Ч. Диккенс. Посмертные записки Пиквикского клуба[180]
Мисс Уиттакер и младшая мисс Файндлейтер вернулись из своей экспедиции. Мисс Климпсон, сыщица высокого класса, с письмом лорда Питера в качестве талисмана в кармане юбки, пригласила мисс Файндлейтер к себе на чай.
Вообще-то девушка и сама по себе интересовала мисс Климпсон. Ее глупая аффектация и порывистость, попугайское повторение модных современных словечек были симптомами, хорошо понятными опытной старой деве. На самом деле, по ее мнению, они свидетельствовали о том, что девушка глубоко несчастна и совершенно не удовлетворена ограниченной жизнью в провинциальном городишке. А кроме того, мисс Климпсон не сомневалась, что красивая Мэри Уиттакер «заарканила», как она мысленно выразилась, Веру Файндлейтер. «Для девушки стало бы настоящим избавлением, — думала мисс Климпсон, — если бы она испытала привязанность к какому-нибудь юноше. Для школьницы естественно быть schwärmerisch[181] по отношению к подруге, но для молодой двадцатидвухлетней женщины это весьма нежелательно. А эта Уиттакер явно поощряет ее. Еще бы! Ей приятно иметь рядом кого-то, кто ею восхищается и готов быть у нее на посылках. И она предпочитает, чтобы это был человек недалекий, который не может составить ей конкуренцию. Если бы Мэри Уиттакер решила выйти замуж, то ей подошел бы разве что кролик». (Живое воображение мисс Климпсон услужливо нарисовало ей образ такого «кролика» — светловолосого, чуть пузатого мужчины, который без конца твердит: «Я должен посоветоваться с женой». Мисс Климпсон никогда не могла взять в толк, зачем Бог вообще создает таких мужчин. Она считала, что мужчина должен быть уверенным в себе, пусть даже не слишком добрым и умным. Она осталась старой девой по стечению обстоятельств, но не по натуре — по натуре она была истинной женщиной.)

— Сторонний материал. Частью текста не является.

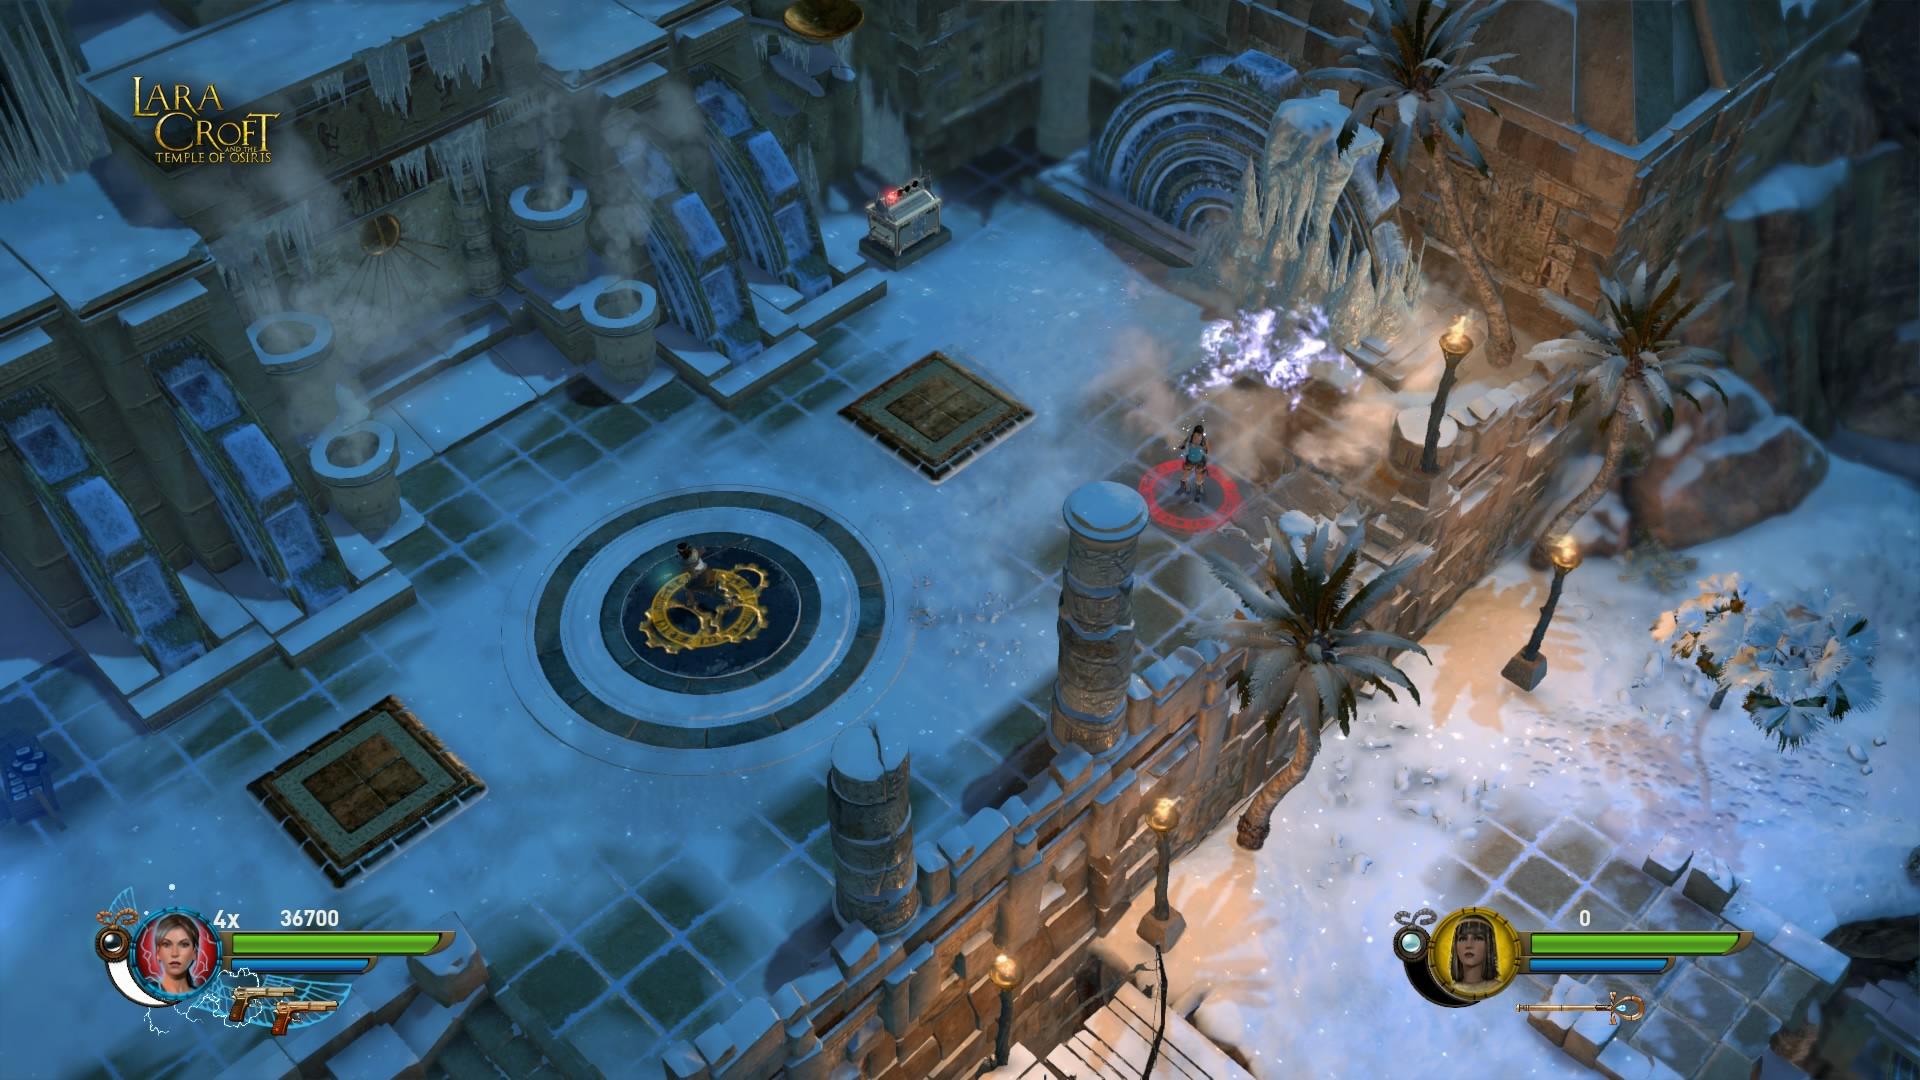 Lara Croft and the Temple of Osiris zdarma na Steamu

«Однако, — думала мисс Климпсон, — Мэри Уиттакер не из тех, кто стремится замуж. У нее характер деловой женщины-профессионалки. Кстати, профессия у нее есть, но она не собирается продолжать ею заниматься. Ее профессия требует слишком большого сострадания и подчинения врачу, а Мэри Уиттакер предпочитает сама контролировать чужие жизни. «Лучше быть Владыкой Ада, чем слугою Неба!»[182]. Господи, прости! Наверное, немилосердно сравнивать человека с сатаной. Впрочем, это ведь всего лишь поэзия, там, наверное, можно. В любом случае я уверена, что добром для Веры Файндлейтер эта связь не кончится».
Гостья мисс Климпсон охотно повествовала о проведенном ими в деревне месяце. Сначала они несколько дней ездили по окрестностям, но потом услышали о чудесной птицеферме, которая продавалась в Кенте, неподалеку от Орпингтона, отправились взглянуть на нее и узнали, что хозяевам нужно продать ферму в ближайшие две недели. Было бы неблагоразумно купить ее с ходу, не выяснив всех обстоятельств, не присмотревшись, и на их удачу прямо рядом с фермой сдавался прелестный меблированный коттедж. Они сняли его на несколько недель, чтобы мисс Уиттакер могла «оглядеться» и ознакомиться с состоянием птицеводческого бизнеса в окру́ге и всем прочим. Ах, как им было хорошо, как чудесно жить и вести хозяйство вместе, вдали от всей этой глупой домашней публики.
— Разумеется, я не вас имею в виду, мисс Климпсон. Вы приехали из Лондона и мыслите гораздо шире. Но в этой лихэмптонской компании я просто не могу больше оставаться, и Мэри тоже.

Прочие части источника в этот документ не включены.